On 08/06/2015 02:38 PM, Vered Volansky wrote:
----- Original Message -----
> From: "Nicolas Ecarnot" <nicolas(a)ecarnot.net>
> To: "users(a)ovirt.org" <Users(a)ovirt.org>
> Sent: Wednesday, August 5, 2015 5:32:38 PM
> Subject: [ovirt-users] ovirt+gluster+NFS : storage hicups
>
> Hi,
>
> I used the two links below to setup a test DC :
>
>
http://community.redhat.com/blog/2014/05/ovirt-3-4-glusterized/
>
http://community.redhat.com/blog/2014/11/up-and-running-with-ovirt-3-5-pa...
>
> The only thing I did different is I did not usea hosted engine, but I
> dedicated a solid server for that.
> So I have one engine (CentOS 6.6), and 3 hosts (CentOS 7.0)
>
> As in the doc above, my 3 hosts are publishing 300 Go of replicated
> gluster storage, above which ctdb is managing a floating virtual ip that
> is used by NFS as the master storage domain.
>
> The last point is that the manager is also presenting a NFS storage I'm
> using as an export domain.
>
> It took me some time to plug all this setup as it is a bit more
> complicated as my other DC with a real SAN and no gluster, but it is
> eventually working (I can run VMs, migrate them...)
>
> I have made many severe tests (from a very dumb user point of view :
> unplug/replug the power cable of this server - does ctdb floats the vIP?
> does gluster self-heals?, does the VM restart?...)
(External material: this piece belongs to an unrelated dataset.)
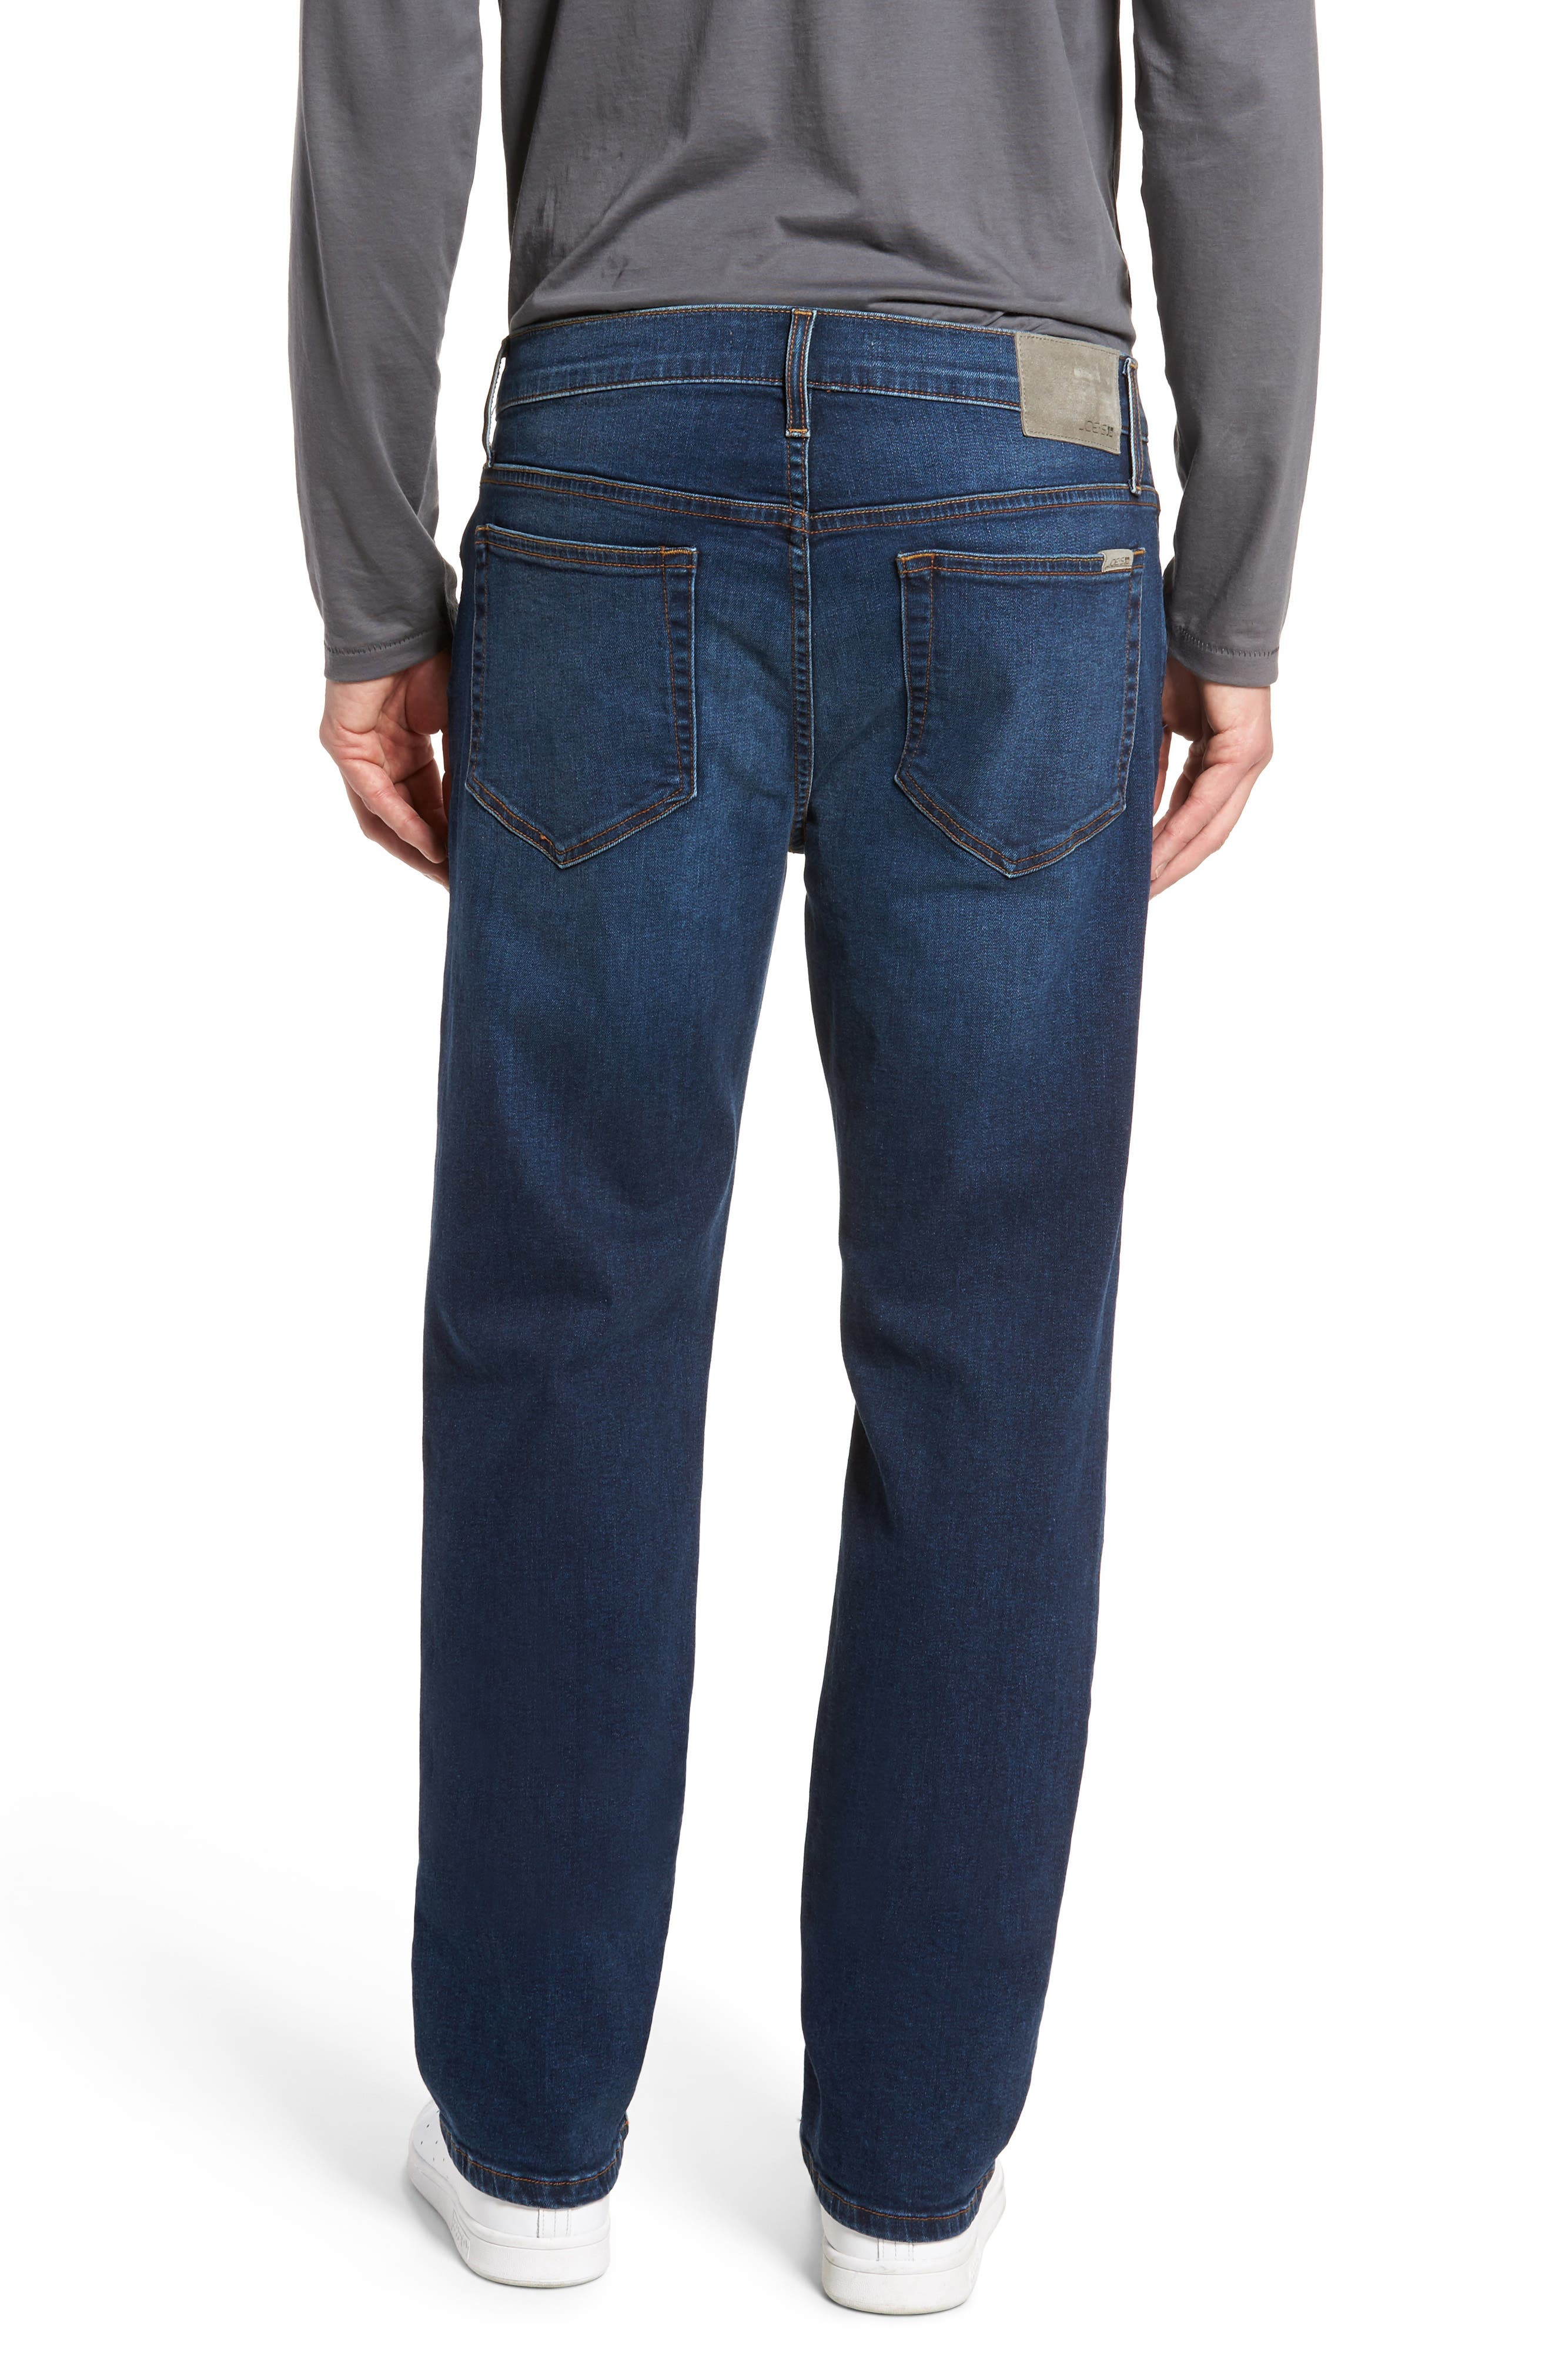 Brixton Slim Straight Leg Jeans,                             Alternate thumbnail 2, color,                             Line

> When precisely looking each layer one by one, all seems to be correct :
> ctdb is fast at managing the ip, NFS is OK, gluster seems to
> reconstruct, fencing eventually worked with the lanplus workaround, and
> so on...
>
> But from times to times, there seem to appear a severe hicup which I
> have great difficulties to diagnose.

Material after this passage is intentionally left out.